In black suit, surrounded by masked accomplices, but no instrumentalist, he first appears, in the center of the track, in Monsieur Loyal of his own spectacle. This November 9, for the first of his two Parisian concerts in the Bouglione family, Redcar promises “a ritual of psycho-magic”, calling on spectators to invest with the same energy, without it being filtered by mobile phones. We see him moving with a rod, a slightly steep leg. No comedy here, but the consequences of a work accident that turned the program for its public baptism.
Originally planned on September 22 and 23, before a show in London, a few days later, these shows, to which the adorable stars were synchronized, had to be postponed after a redcar knee sold during one of the last rehearsals. Less than two months later, the singer-dancer advocating sexual fluidity did not find all of his means. This forced him to rethink a good part of his performance, while maintaining the idea of simultaneous exit of a disc which provides the only soundtrack of these “concerts”.
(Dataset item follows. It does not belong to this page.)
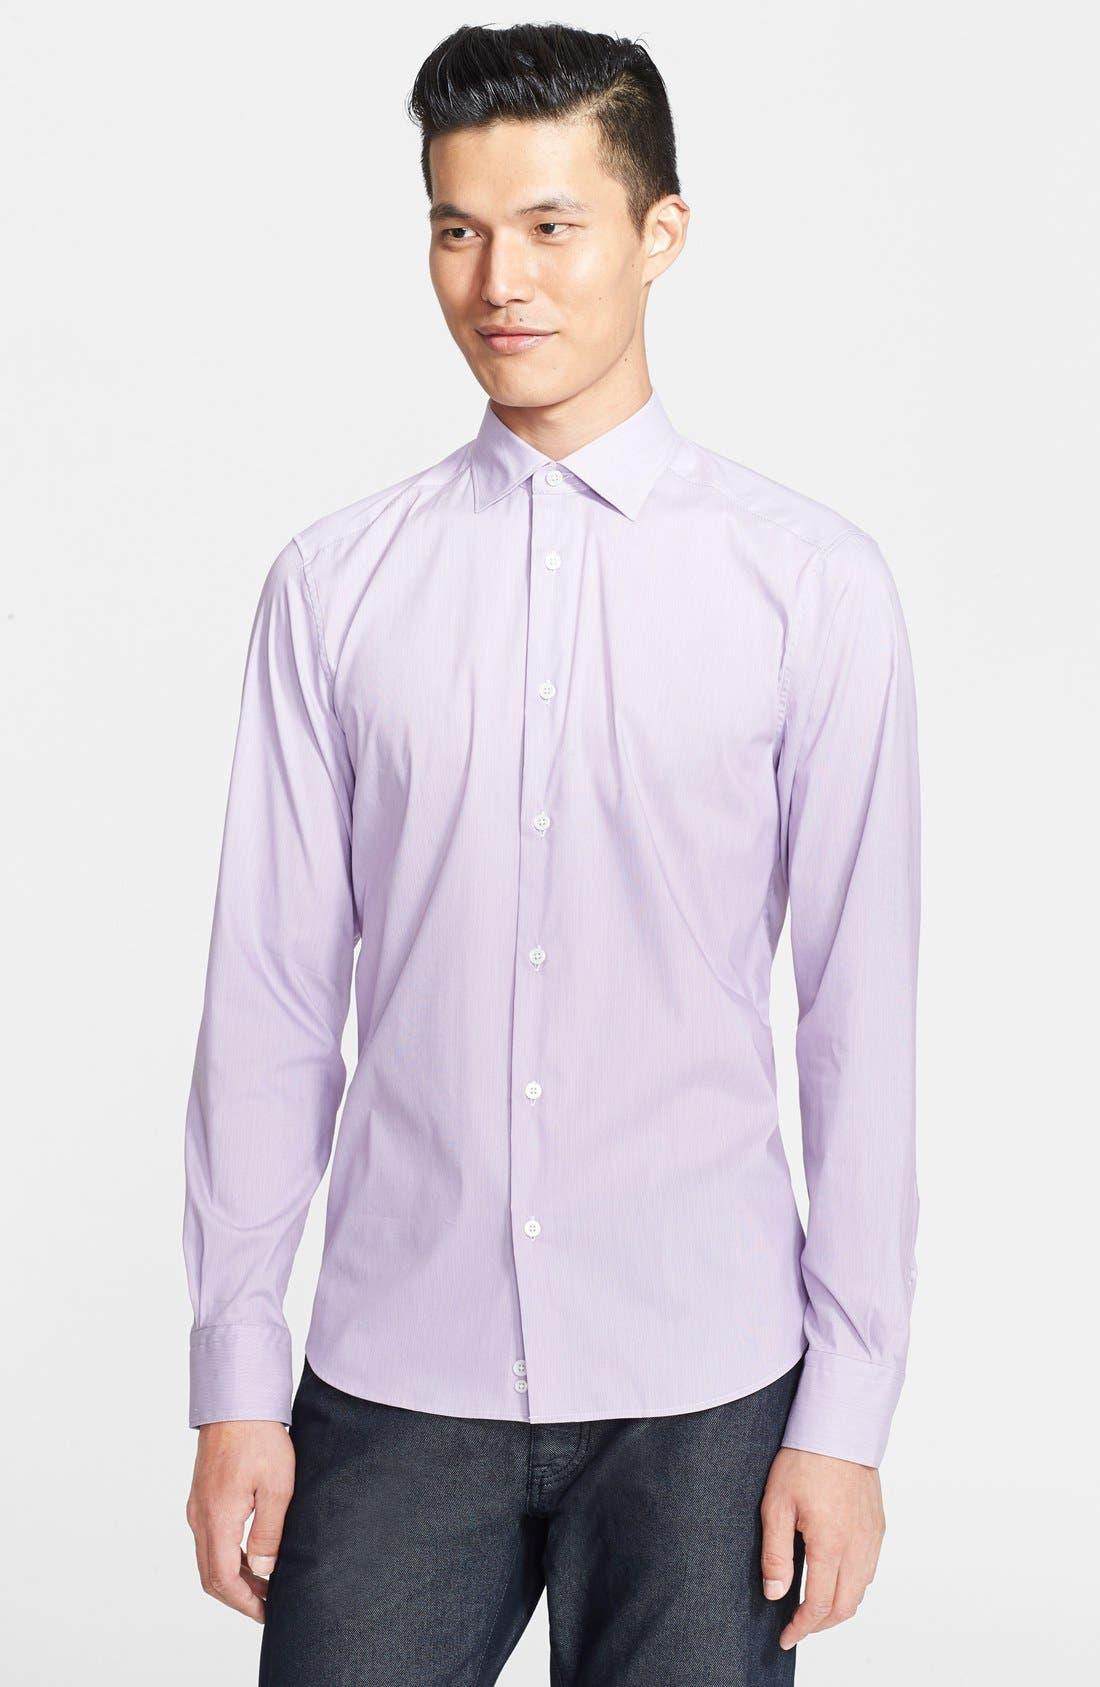 Alternate Image 1 Selected - Z Zegna Extra Trim Fit Stripe Dress Shirt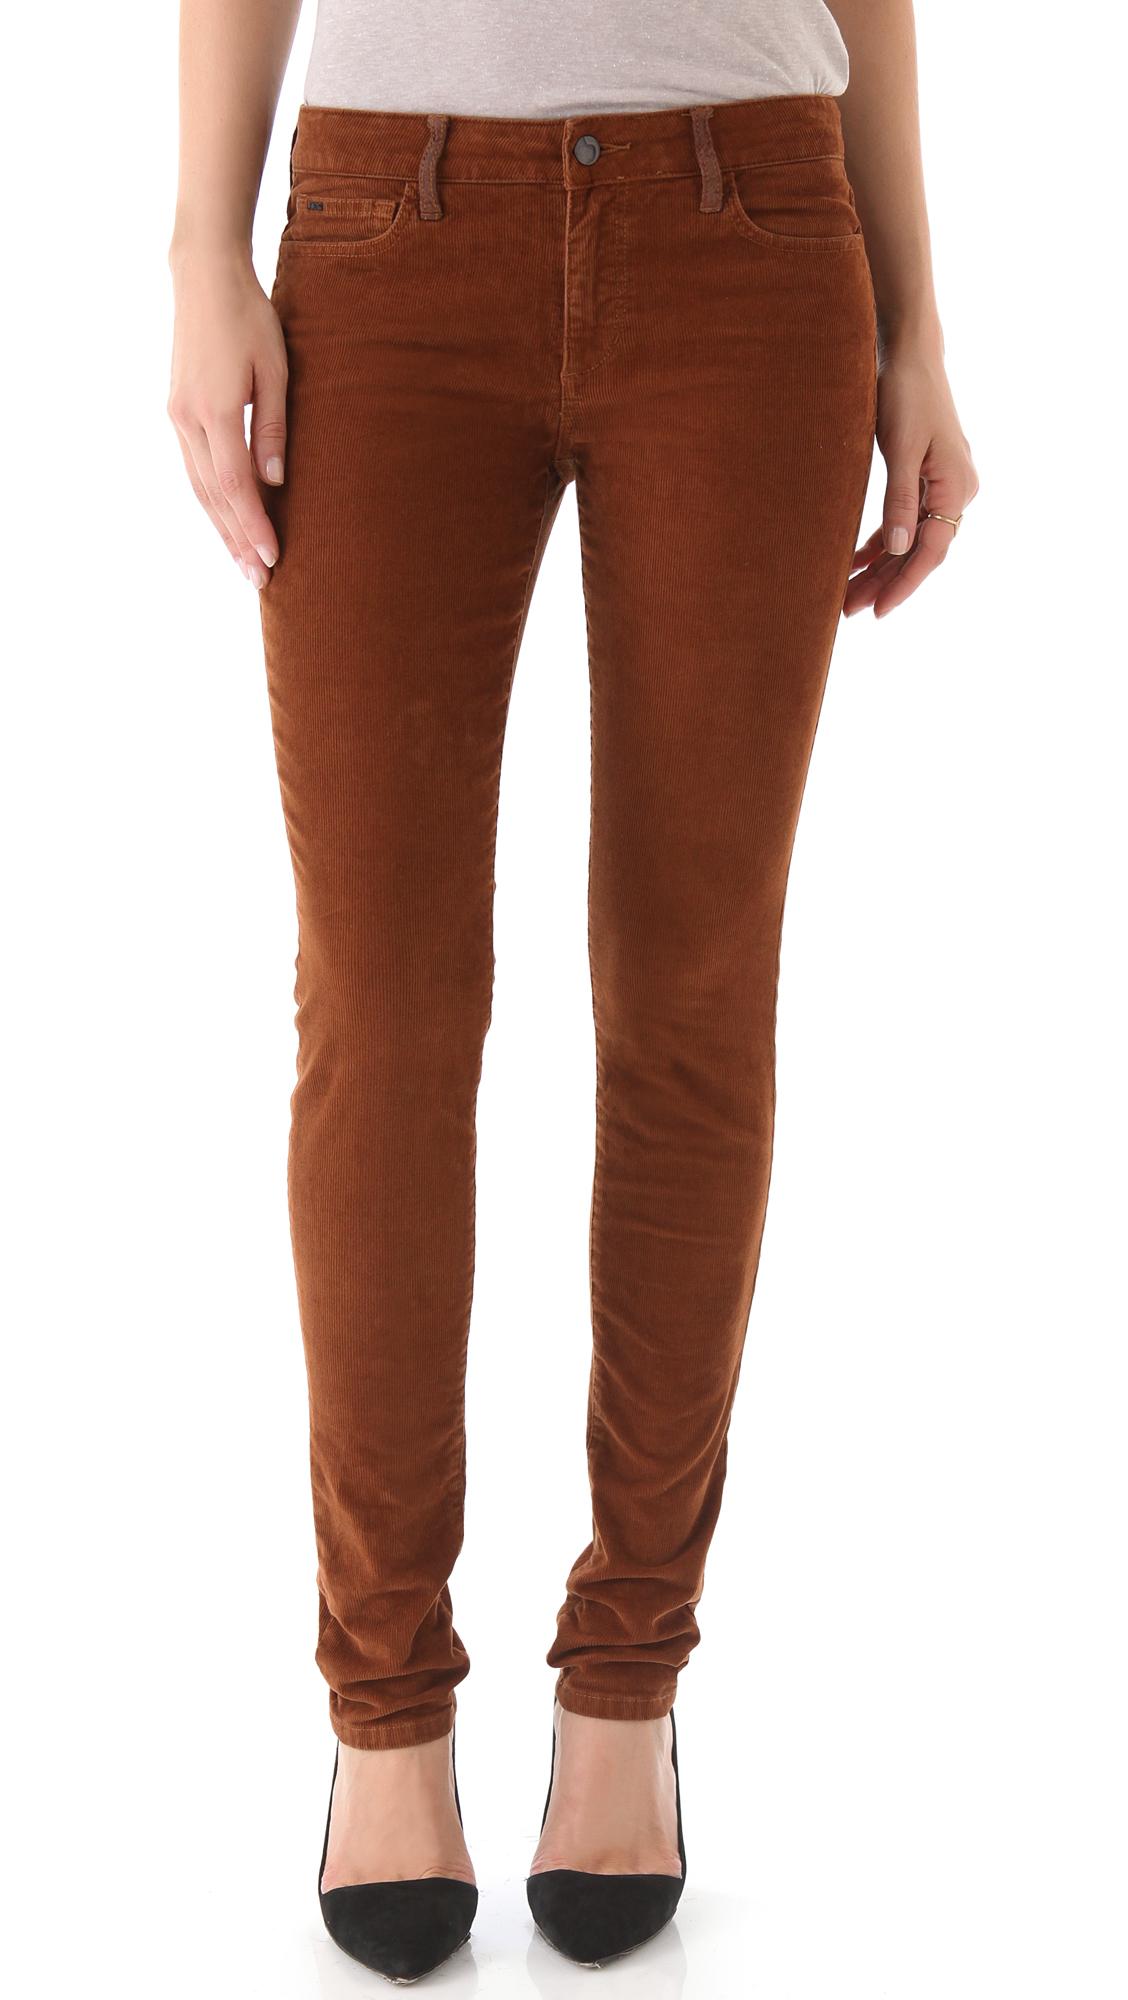 Creative CurrentElliott 39The Stiletto39 Crop Skinny Corduroy Pants

A test for a work already fruit of an original injury. In April 2019, Héloïse Letissier brutally lost his mother, Martine, professor of literature, while Chris played the prestigious Coachella festival, in California the day before. A few months later, at the time of the pandemic, the artist betrays to compose in less than two weeks a series of cathartic songs to transcend this shock and also report on the mutations of his identity.
In a recent interview with the British daily The Guardian , the Frenchman recognizes that he has long continued to play the role of the girl for his mother. After his disappearance, nothing held him more to assume his tilting. “The masculine, in my verb and my flesh and my conscience since the longest that I remember, it is the vector of my enlightenment,” he wrote recently in a column of the antidote magazine .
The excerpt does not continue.